Dimitrios Lolas Δημήτριος Λόλας

Niki Volos
- Position: Power forward / center
- League: Greek 3rd division

Personal information
- Born: January 31, 1986 (age 39) Larissa, Greece
- Nationality: Greek
- Listed height: 6 ft 8 in (2.03 m)
- Listed weight: 240 lb (109 kg)

Career information
- Playing career: 2003–present

Career history
- 2003–2007: Maroussi
- 2007–2008: Aigaleo
- 2008–2009: Kavala
- 2009–2010: Dafni
- 2010–2011: Pagrati
- 2011–2013: Amyntas
- 2013–2014: Ionikos Nikaias
- 2014–2016: Kymis
- 2016–2017: Iraklio
- 2017–2020: Larisa
- 2020–present: Niki Volos

= Dimitrios Lolas =

Greek basketball player

Dimitrios Lolas (alternate spelling: Dimitris) (Greek: Δημήτριος Λόλας; born January 31, 1986) is a Greek professional basketball player for Niki Volos of the Greek 3rd division. At a height of 6'8" (2.03 m), he can play at both the power forward and center positions.

==Professional career==
Lolas began his pro career in Greece's top-tier level Greek Basket League, with Maroussi. He also played in the Greek Basket League with Aigaleo and Kavala.

==National team career==
Lolas was a member of the junior national teams of Greece.
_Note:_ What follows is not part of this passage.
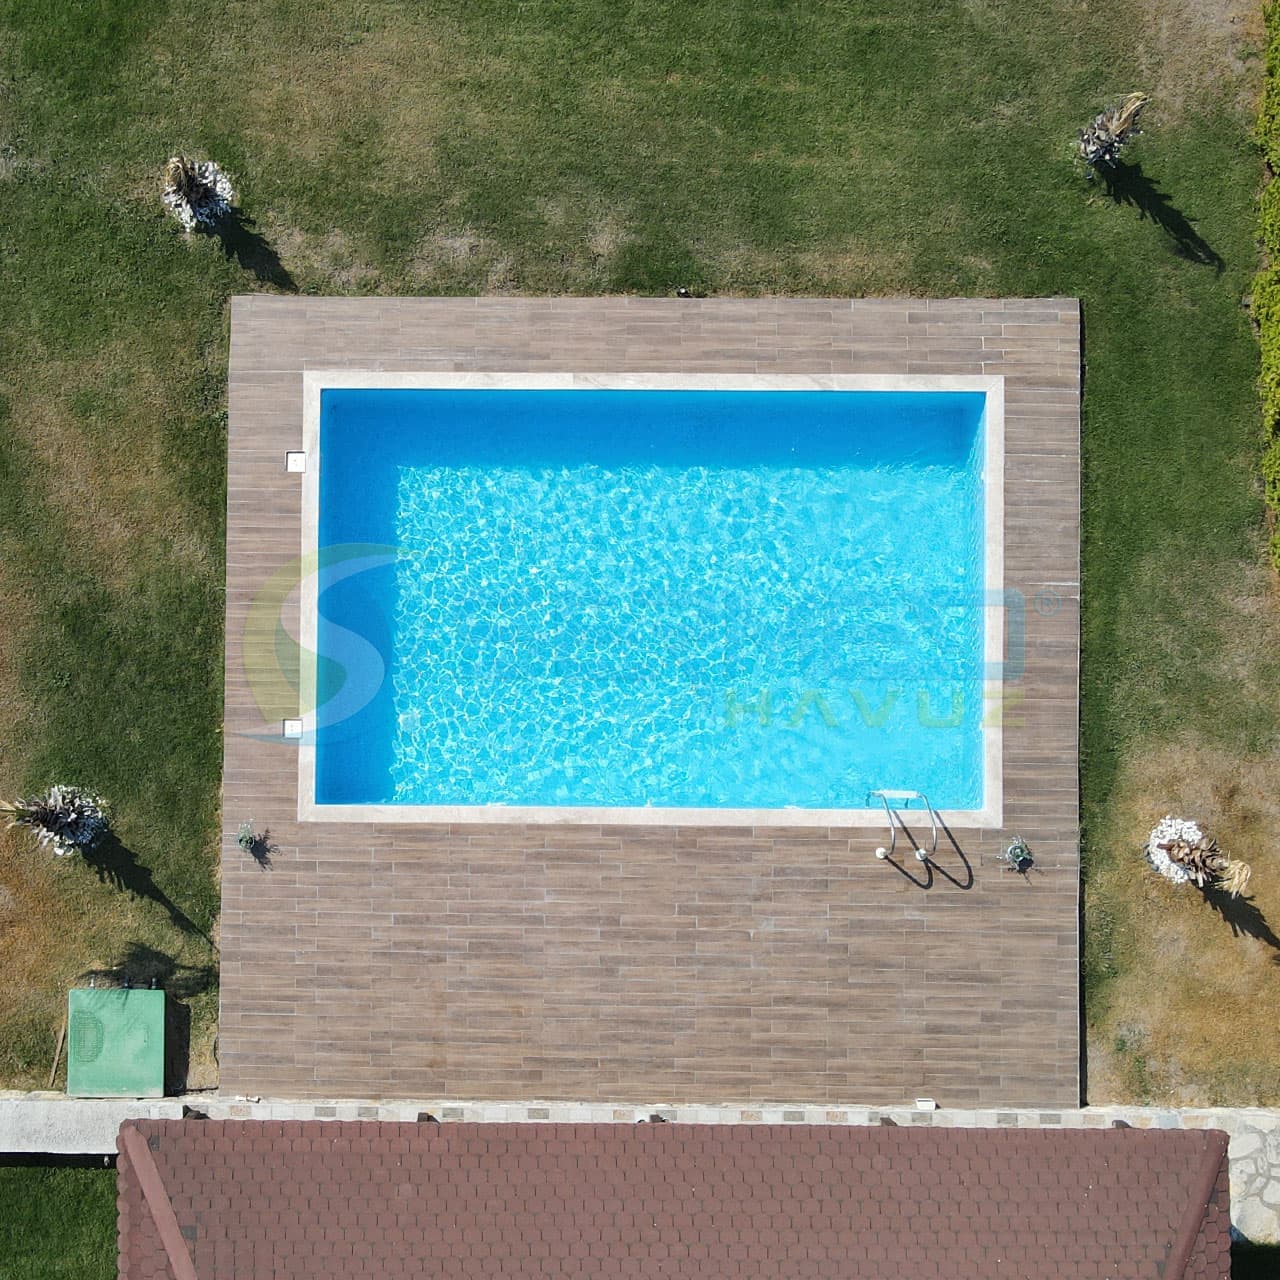 İzmir'den Mahir Bey'e Fipool Skimmerli Panel havuz Sermed Havuz Firması Tarafından Yapıldı.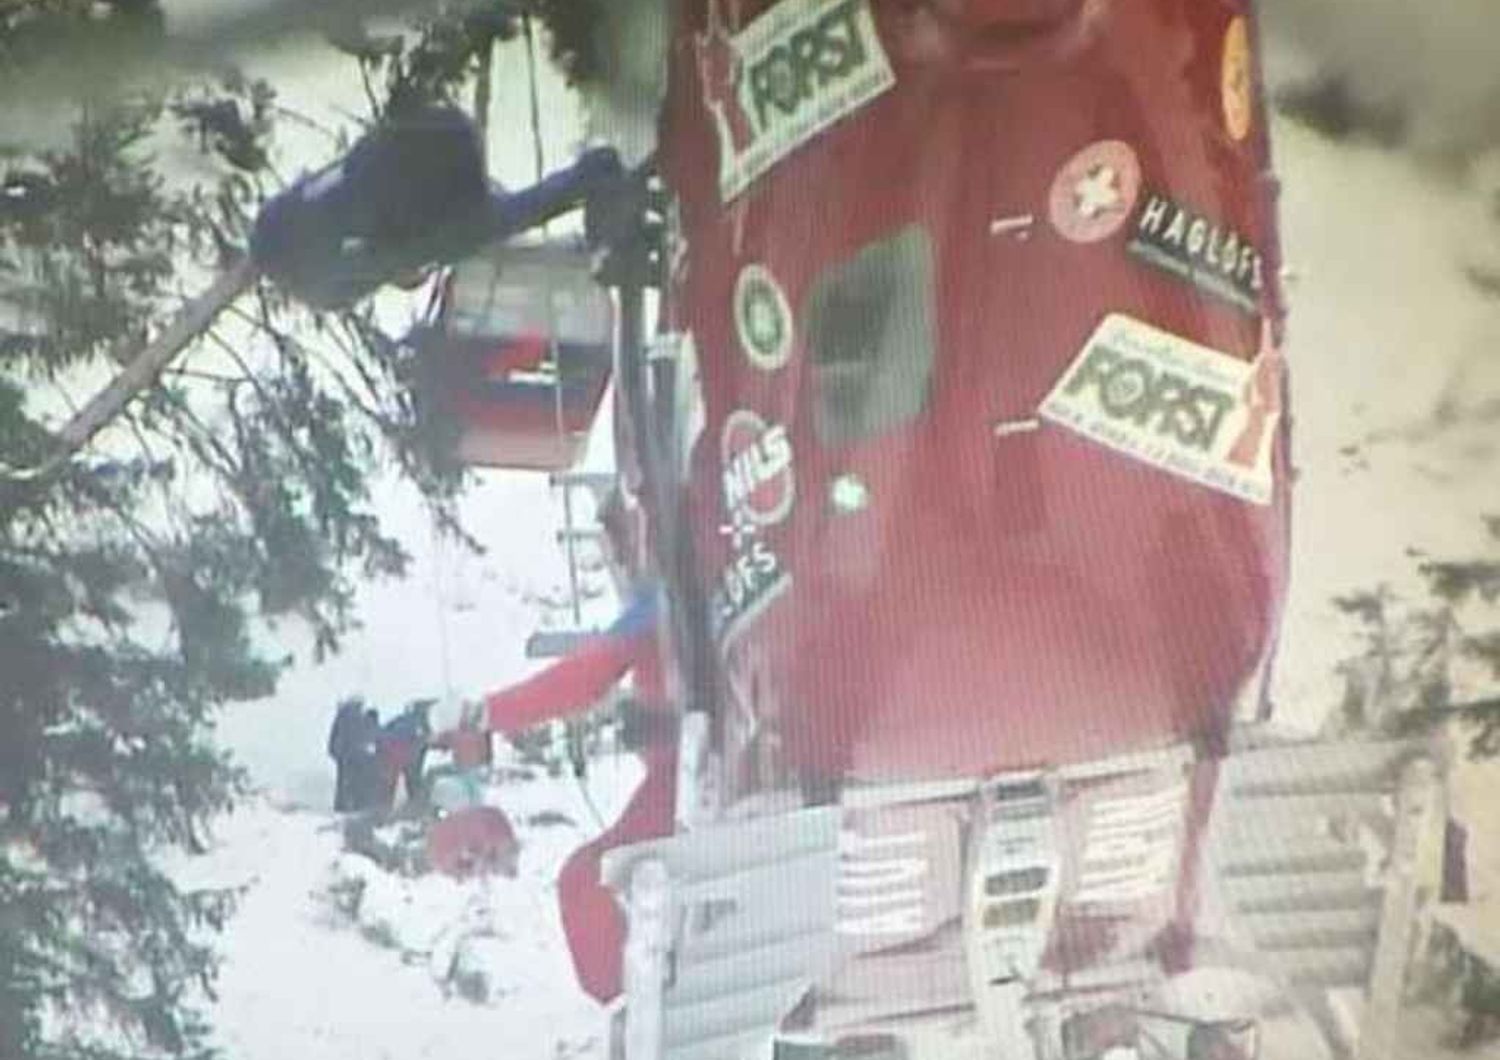 Albero su cabinovia in Val Gardena, panico per 200 turisti

With Greece's junior national teams, he played at the following tournaments: the 2004 FIBA Under-18 European Championship, the 2005 FIBA Under-20 European Championship, and the 2006 FIBA Under-20 European Championship. He also won a silver medal at the 2009 Mediterranean Games, while playing with the Greek under-26 national team.